И далее митрополит Макарий победоносно вопрошает: «Когда по возвращении Кирилла от хазар, царь начал посылать его к моравам, одному из племен славянских, Кирилл отвечал: «Рад иду тамо, аще имут буквы в язык свой». Мог ли так говорить святой муж, если бы признавал известные ему русские буквы за славянские? Когда царь вслед за тем сказал, что ни дед его, ни отец, ни многие другие не нашли славянских букв, сколько ни искали, и советовал Кириллу просить помощи от Бога, то «Философ, по пръвому обычаю, на молитву ся наложи и с инеми съпоспешникы; въскореже я ему Бог яви, и тогда сложи письмена, и нача беседу писати евангельскую: искони бе слово… и прочая». Если бы Кирилл признавал известные ему русские письмена и русское Евангелие за славянские, то зачем он изобрел новые славянские письмена и вновь начал переводить на славянский язык Евангелие, а не воспользовался прежними, готовыми?»[70]
И заканчивает митрополит Макарий свои размышления весьма тонкой подменой вопроса о существовании докириллической русской письменности вопросом о первенстве перевода Священного Писания на славянский язык: «После этого не благоразумнее ли отказаться однажды навсегда от обольстительной мысли, будто был у славян еще с первых веков какой-либо перевод хотя некоторых книг священных? Все, что можно придумать в пользу ее, очевидно, ведет только к предположениям и притом очень шатким, не представляя ни одного прямого доказательства.
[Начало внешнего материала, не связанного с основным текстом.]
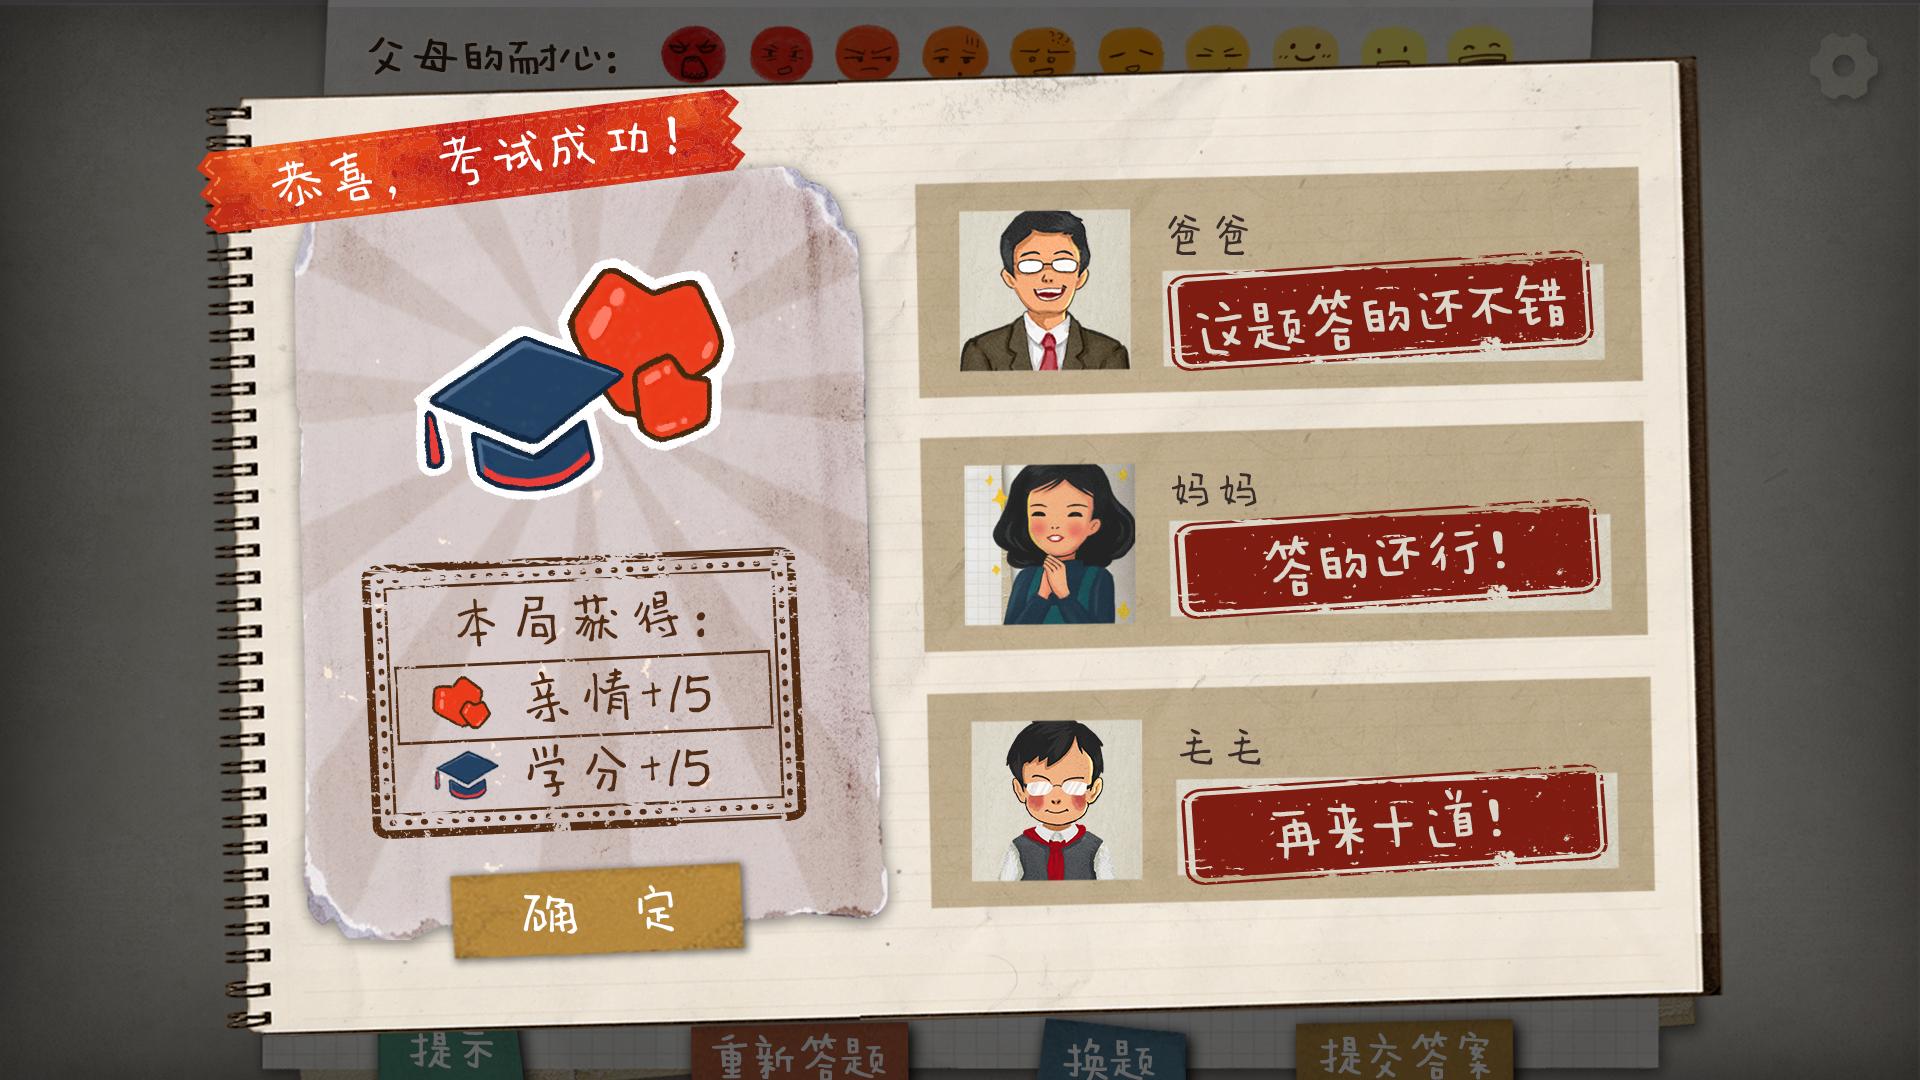 国产游戏《作业疯了》上架Steam 化身小学生遨游题海

Между тем как, с другой стороны, есть решительные доказательства, которые говорят, что перевод Священного Писания и богослужебных книг на славянский язык в первый раз совершен именно во второй половине девятого века Константином, в монашестве Кириллом, и Мефодием»[71].
Быть может, для священнослужителя вопрос о том, кто был первым переводчиком Библии на славянский язык и является приоритетным, но для русского человека гораздо важнее другой вопрос: когда появилась наша письменность?
Попробуем с этим вопросом разобраться.
Глава 2
Следствие о русских письменах
Прежде всего надо отметить, что (как это ни странно), митрополита Макария опровергает папа Римский Иоанн VIII, тот самый, что добился освобождения из немецкой темницы и восстановил в правах архиепископа одного из Солунских братьев, святого Мефодия. Папа Иоанн VIII направил специальные послания королю Карломану, сыну Людовика Немецкого, а так же архиепископу зальцбургскому и баварским епископам, в которых объявил все решения по делу Мефодия незаконными. Но важным для нас является то, что, как свидетельствует Н.И. Барсов, «в дошедшем до нас послании Иоанна VIII о славянских письменах говорится, что они только вновь найдены, вновь открыты неким философом Константином»[72]. Николай Иванович Барсов (1839–1903), профессор Петербургской духовной академии, особое внимание уделял именно обнаруженным в то время письмам Иоанна VIII к своим германским и моравским адресатам, и потому к выводам знаменитого профессора стоит прислушаться.
Да и папа Римский знал, что писал. Уроженец Вечного города, он лучше многих других европейцев знал древнюю историю Апеннинского полуострова и населявших его народов.